In any case, as the assessee rightly claims, it is at best, even going by the improvised version of the AO, a case of bad debt or a loss incidental to business which is allowable anyway. CIT(A)’s action of upholding the disallowance, for want of fund utilization report, is thus unsustainable in law and on the facts of this case. The approach adopted by the authorities below in interpreting the terms of remand is too pedantic and hyper technical to meet our approval. The directions given by the Tribunal are to be interpreted in the light of its object and context. That consistently has been approach of the Hon’ble Courts above.

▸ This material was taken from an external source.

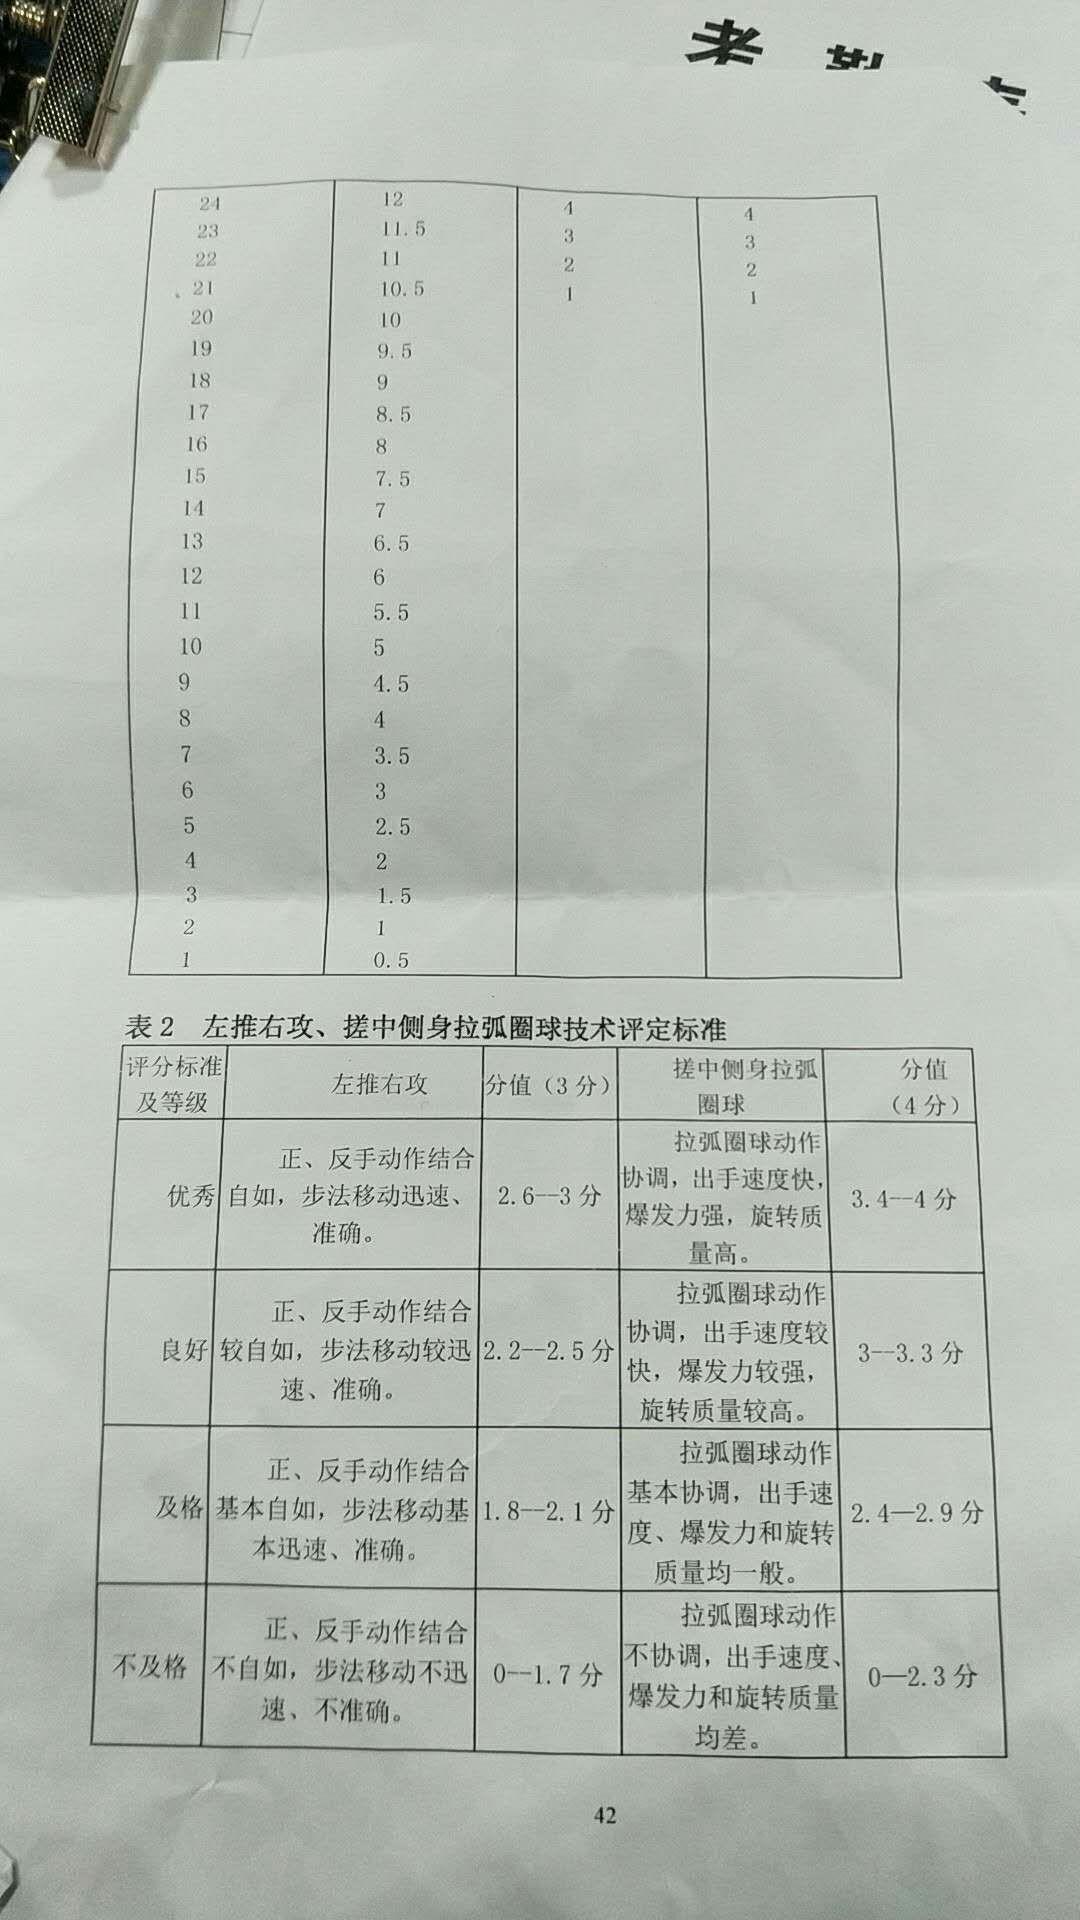 四川省高考体育生的专项乒乓球的内容和评分标
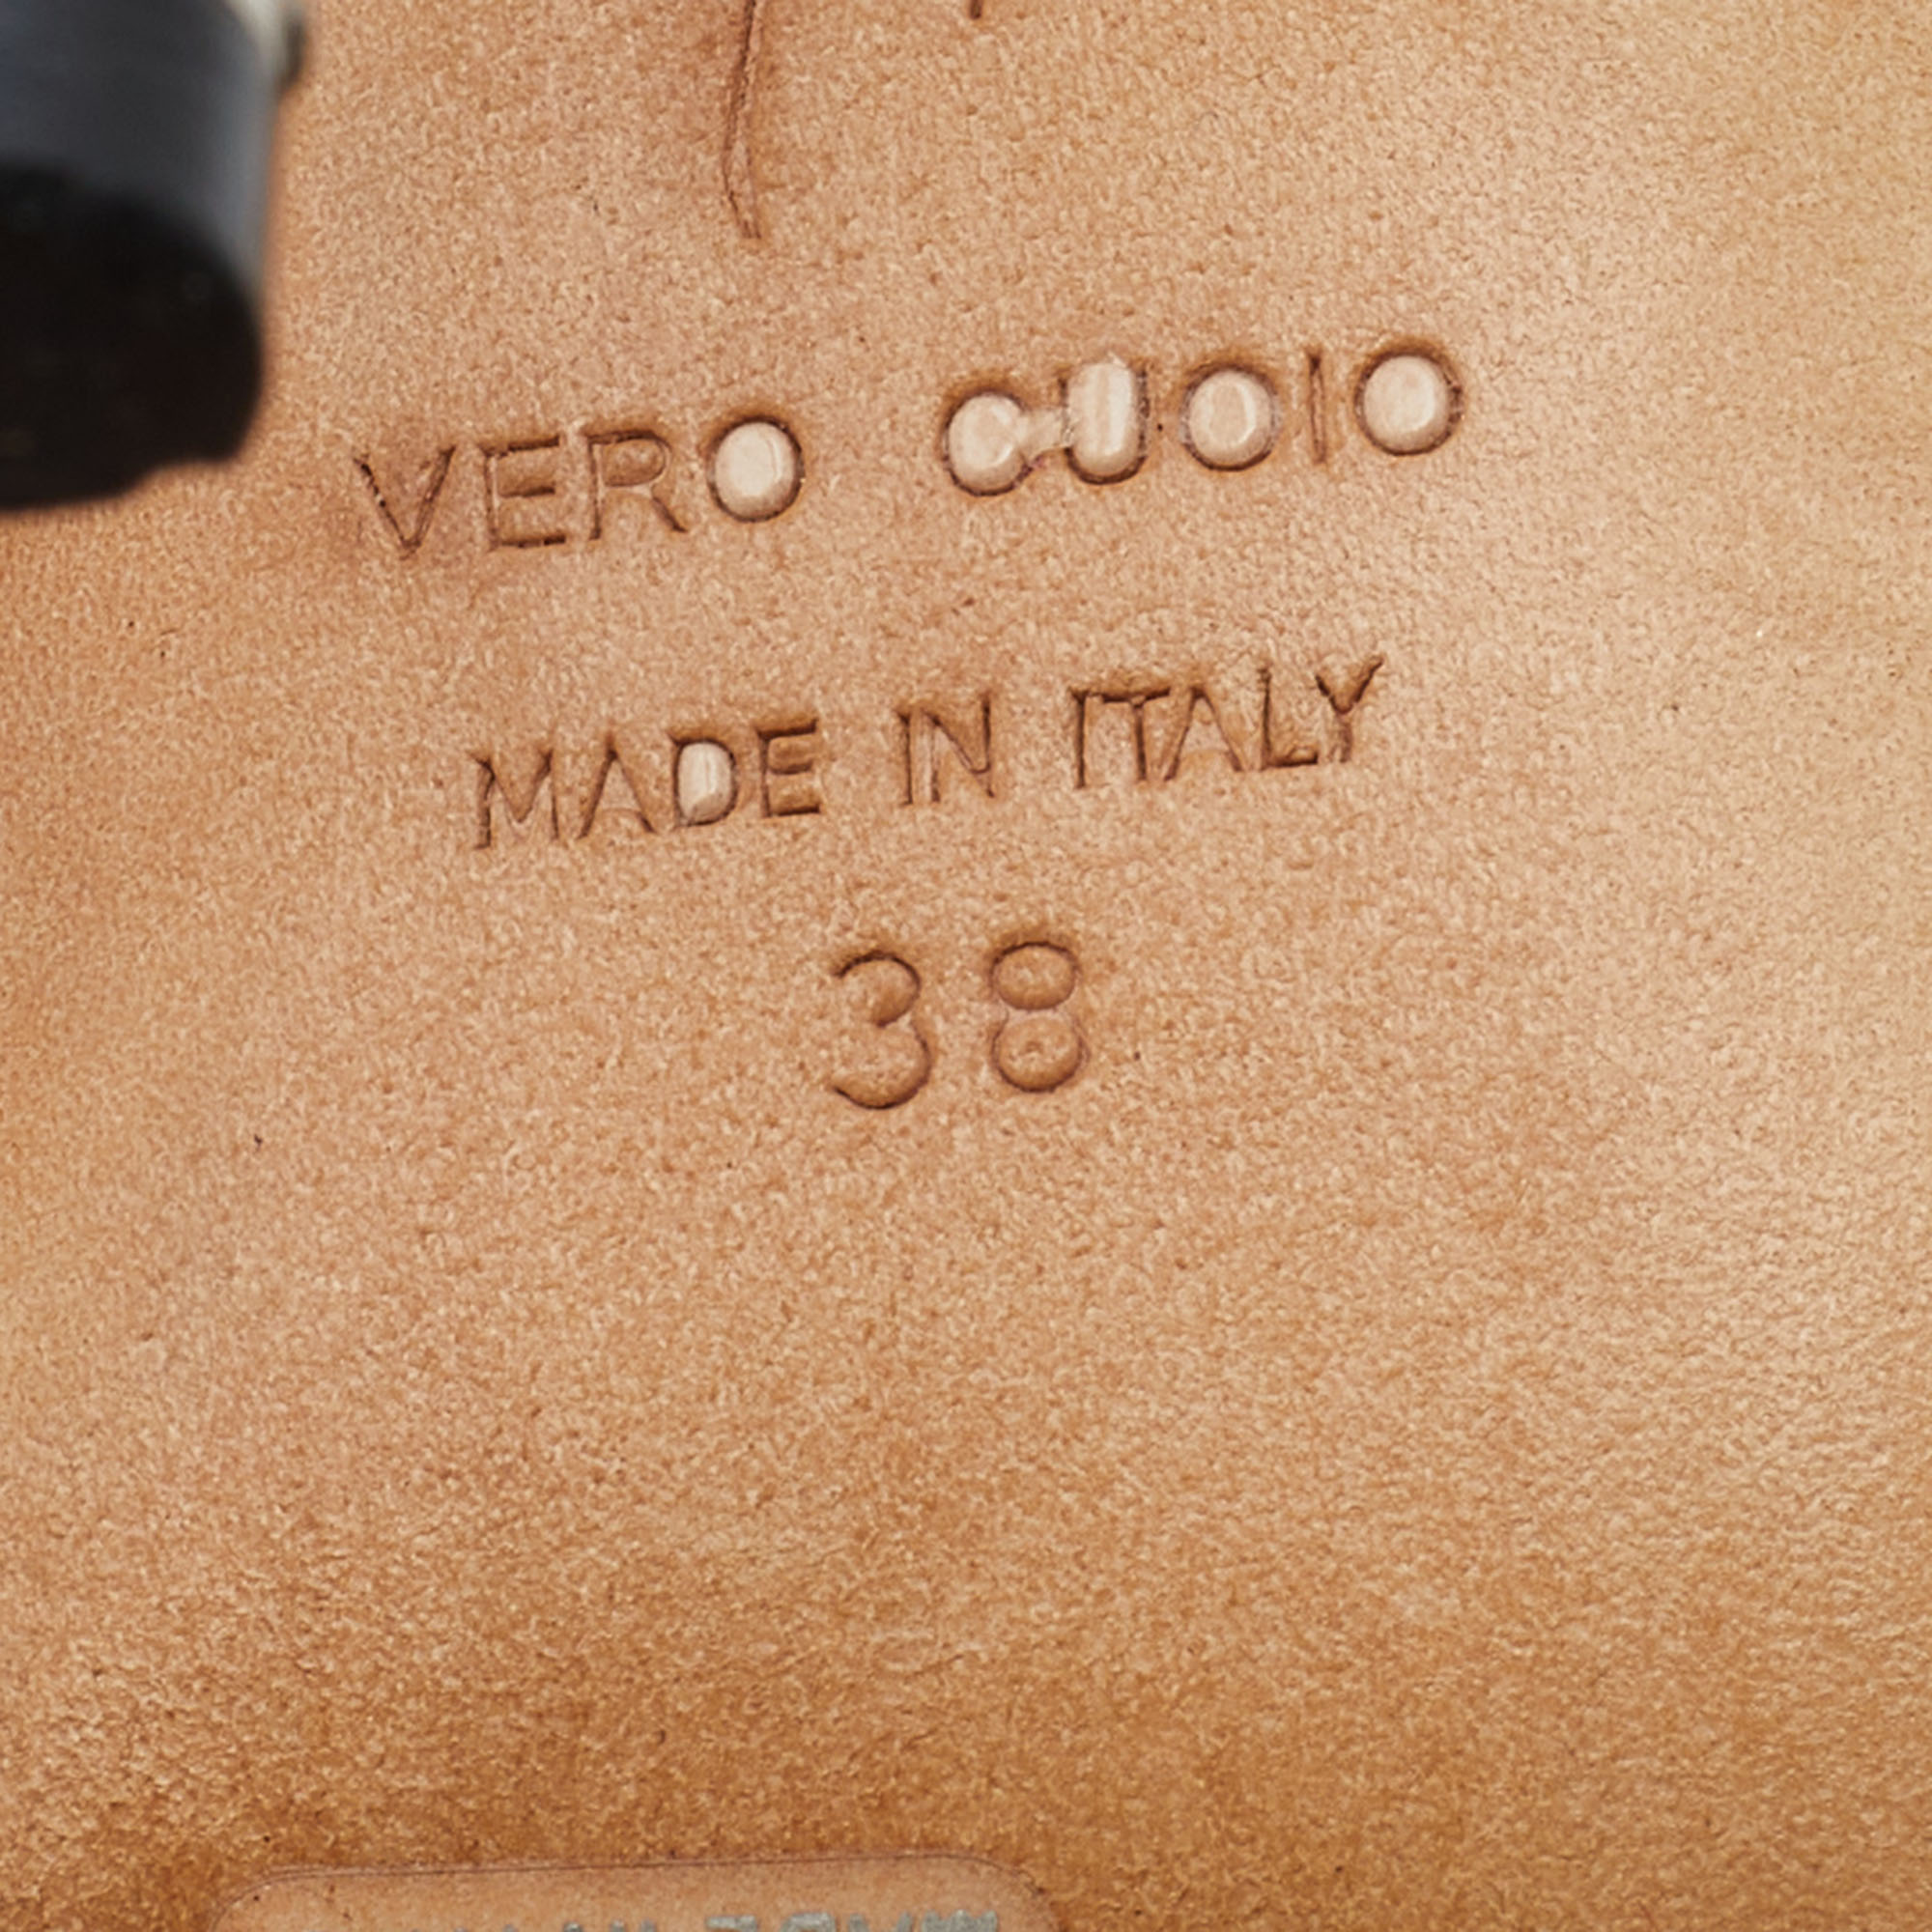 Giuseppe Zanotti Silver/Black Leather Bow Platform Slingback Sandals Size 38

We uphold the plea of the assessee and direct the Assessing Officer to delete the impugned disallowance. - Decided in favour of assessee.
TP Adjustment - Selection of MAM - DRP adopting of internal TNMM - HELD THAT:- We are unable to persuade ourselves to subscribe to the view arrived at by the DRP in respect of the authenticity of the segmental reporting, veracity of the bifurcation of the expenses pertaining to marketing efforts and various risks associated with the sales pertaining to the Non-AE transactions, which as alleged by the DRP had been bifurcated to the AE segment and not shown on actual basis, as well as the misconceived observation that the assessee had resorted to a comparison between the Non-AE segment local sales of India, as against the AE segment, which we find is absolutely incorrect.
We are afraid that a claim of an assessee cannot be dislodged merely on the basis of allegations and surmises, but can only be so done on the basis of substantial material which could go to irrebutably disprove and consequently dislodge the claim of the assessee, with a clear observation as to what fairly could be held to be the correct state of affairs.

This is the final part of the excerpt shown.